Disease heterogeneity in motor neuron disease (MND) may suggest variable sites of disease onset, differences in prognosis and differing response to therapies. The clinical phenotype provides prognostic insight and information regarding the spread of disease. However, candidate biomarkers of disease have shown variable sensitivity and specificity. The present study used multimodal analysis to evaluate patterns of disease across MND phenotypes to assess the complex interplay of upper and lower motor neuronal dysfunction.Methods
Newly diagnosed MND patients prospectively underwent clinical assessment and were classified according to their phenotype. Muscle and nerve ultrasound, neurophysiological studies and threshold tracking TMS (TT–TMS) were performed in all four limbs. Cognitive testing and diffusion tensor imaging (DTI, peripheral and central) were additionally performed. The differences in neuronal vulnerability within each phenotype were analysed cross-sectionally and longitudinally.Results
Techniques were first established in controls. Lower limb TT-TMS normal values (n=35) showed no statistically significant difference from upper limb (11.5+1.2 vs 11.3+1.1) and no significant interhemispheric differences (p=0.8).

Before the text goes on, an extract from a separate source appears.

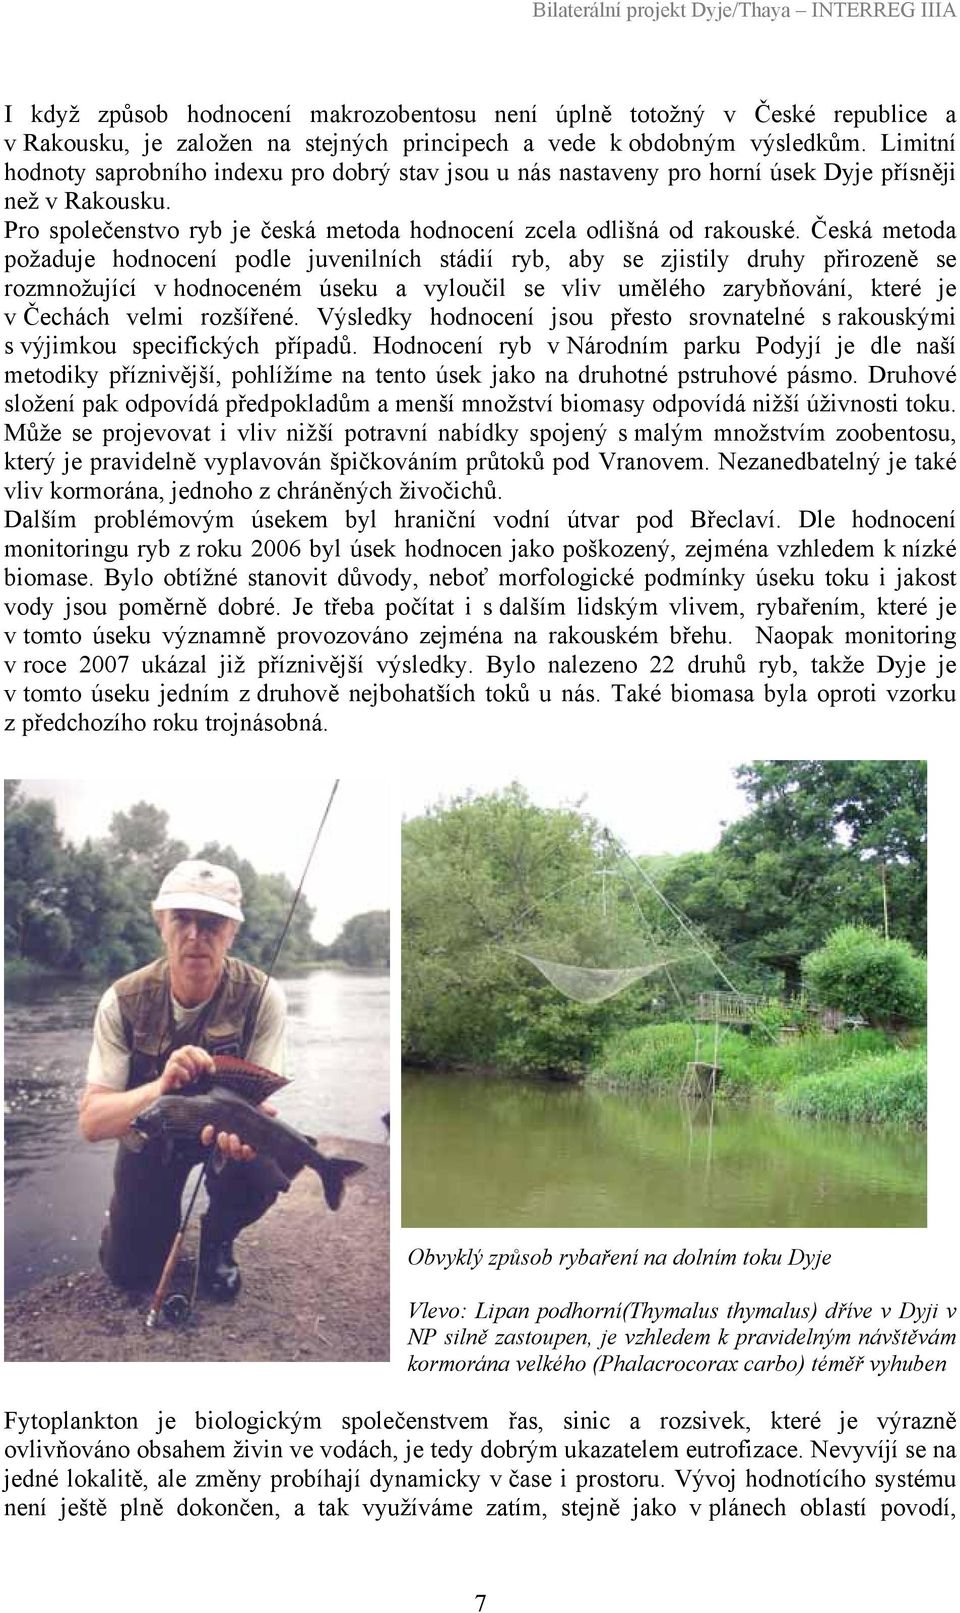 Česká metoda požaduje hodnocení podle juvenilních stádií ryb, aby se zjistily druhy přirozeně se rozmnožující v hodnoceném úseku a vyloučil se vliv umělého zarybňování, které je v Čechách velmi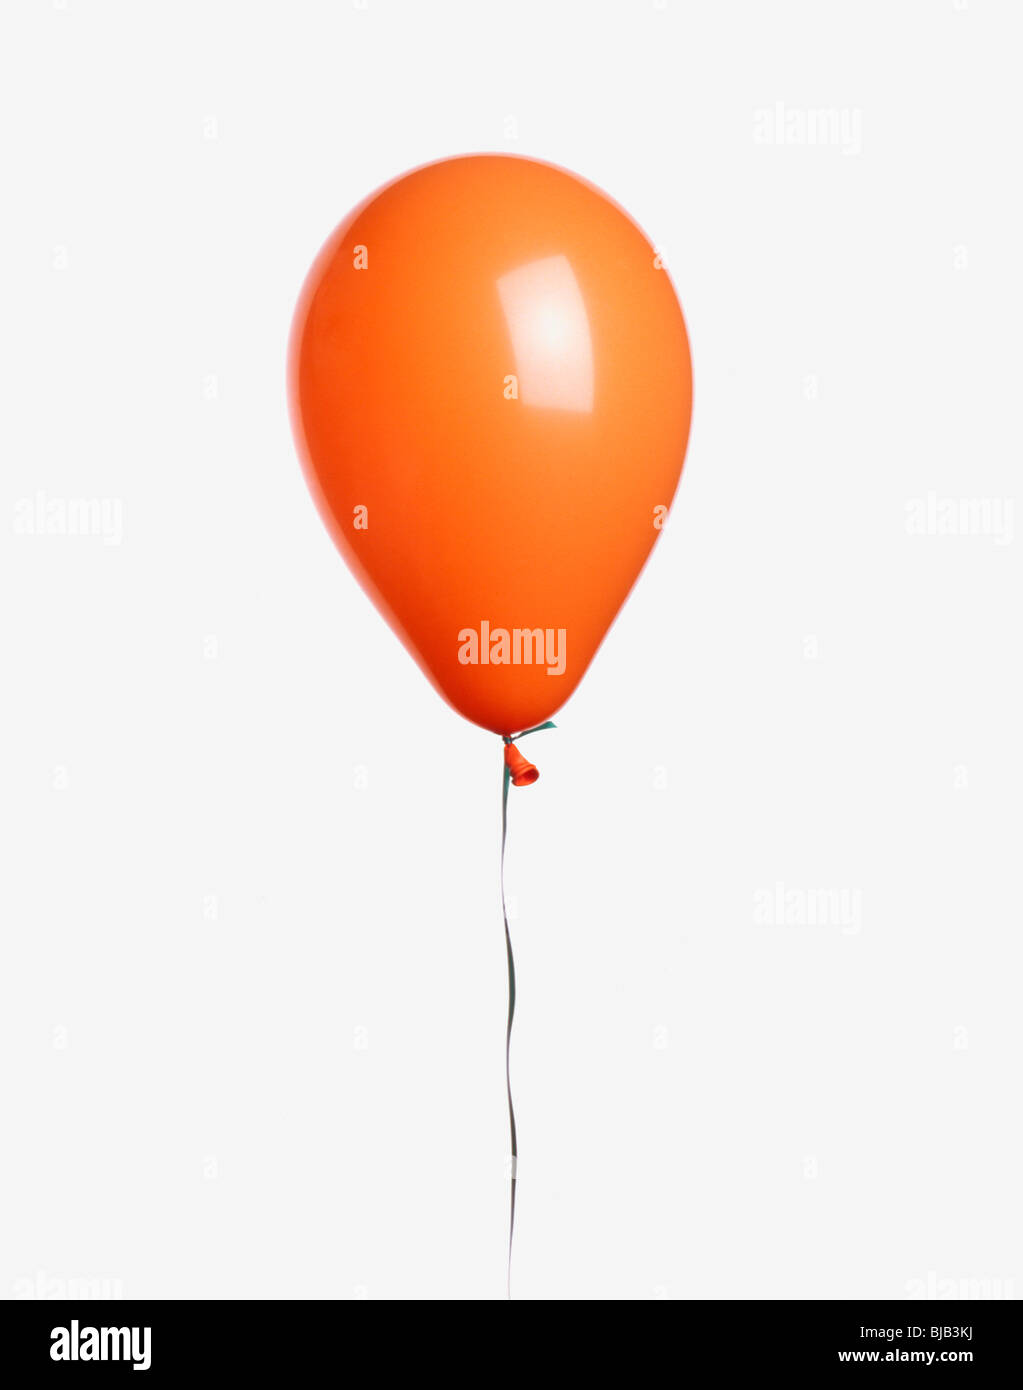 Ballon orange avec coupe-ruban sur fond blanc Banque D'Images

Novel testing of all 4-limbs in patients revealed differences in the pattern and spread of UMN and LMN vulnerability. Peripheral DTI metrics identified early axonal degeneration in the pre-symptomatic upper limb, correlating with clinical and neurophysiological markers of disease progression. Cortical hyperexcitability was associated with the clinically symptomatic limb as well site of onset in all phenotypes. In upper limb onset patients, clinical asymmetry correlated with synchronous asymmetry in LMN and UMN involvement, with significant interhemispheric differences in cortical hyperexcitability (p=0.05).Conclusions
This phenotype specific analysis is allowing different patterns of neuronal vulnerability to emerge, with the potential to use these multimodal techniques to develop robust biomarkers of disease. This work is enabling a greater understanding of the patterns of disease spread, will identify prognostic differences across phenotypes and inevitably, response to new therapies.